Let's modify the previous program in the form of a pointer:

# include # include struct AGE {int year; int month; int day;}; struct STUDENT {char name [20]; / / name int num; / / Student ID struct AGE birthday; / / Birthday float score; / / score}; int main (void) {struct STUDENT student1; / * define the structure variable student1*/ struct STUDENT * p = NULL with the struct STUDENT structure type / * define a pointer variable pause / p = & student1; / * p pointing to the structure variable student1, that is, the address of the first member * / strcpy ((* p). Name, "Xiao Ming"); / (* p) .name is equivalent to student1.name (* p).
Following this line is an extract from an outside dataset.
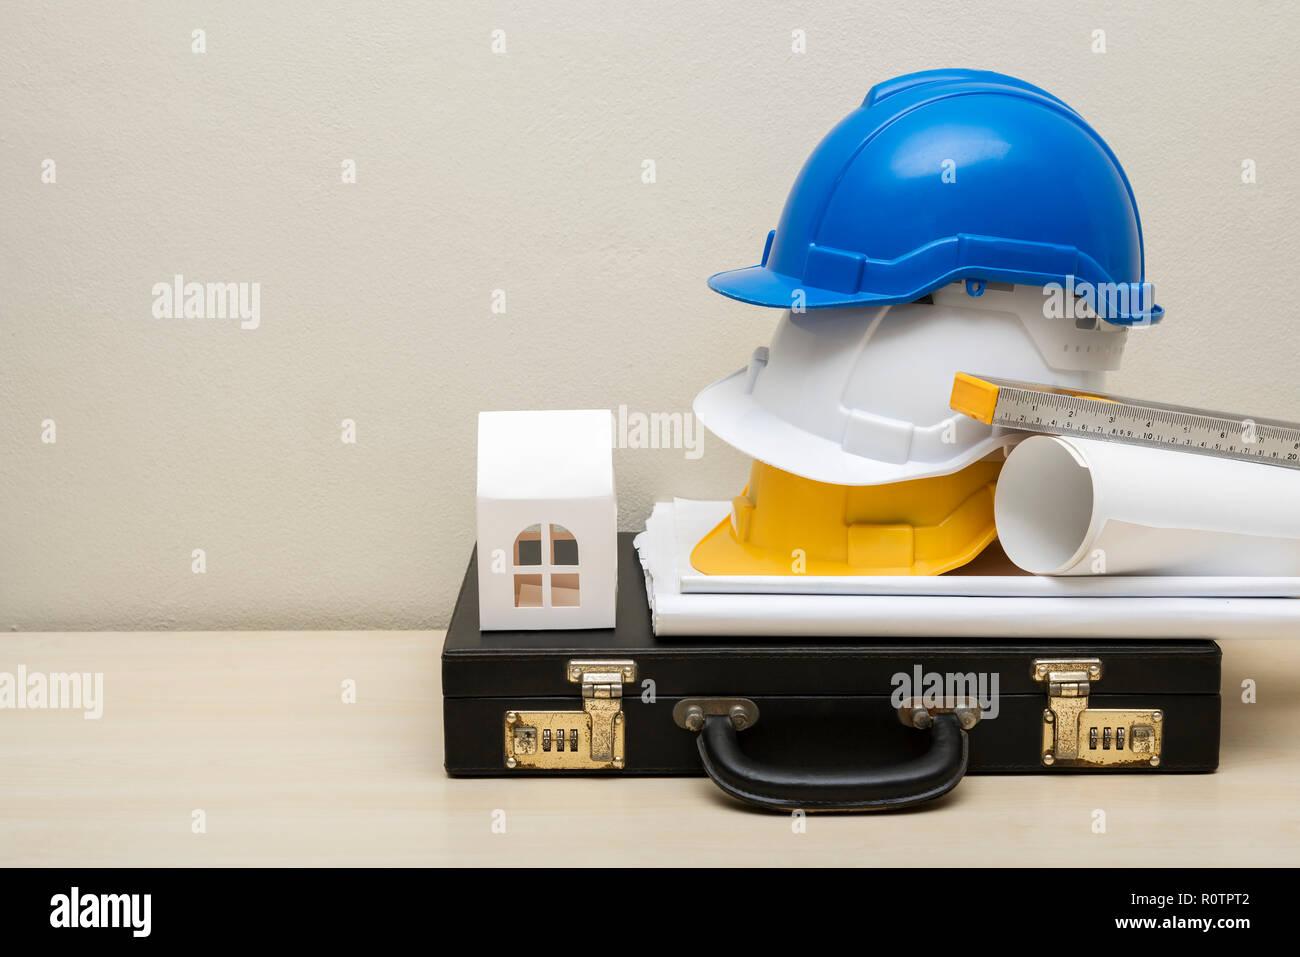 Engineering Zubehör, Helme, Haus Papier Modell, Business Tasche, Blaupause, auf Holz Tisch mit weißer Beton Wand Hintergrund. Bild zum Text hinzufügen Stockbild

Birthday.year = 1989; (* p). Birthday.month = 3; (* p). Birthday.day = 29 (* p) .num = 1207041; (* p) .score = 100; printf ("name:% s\ n", (* p) .name); / / (* p) .name cannot be written as p printf ("birthday:% d-%d-%d\ n", (* p) .birthday.year, (* p) .birthday.month, (* p) .day.day); printf ("num:% d\ n", (* p) .num) Printf ("score:% .1f\ n", (* p) .score); return 0;}

The output is as follows:

Name: Xiao Ming

Birthday: 1989-3-29

Num: 1207041

Score: 100.0

As we can see, the way to refer to a member of a structure variable with a pointer is:

(* pointer variable name). Member name

Note that the parentheses on both sides of * p cannot be omitted because the member operator "." Takes precedence over the pointer operator "*", so if parentheses on both sides of * p are omitted, then * p.num is equivalent to * (p.num).

It can also be seen from the program that because the pointer variable p points to the address of the first member of the structure variable student1, that is, the first address of the character array name, p and (* p) .name are equivalent.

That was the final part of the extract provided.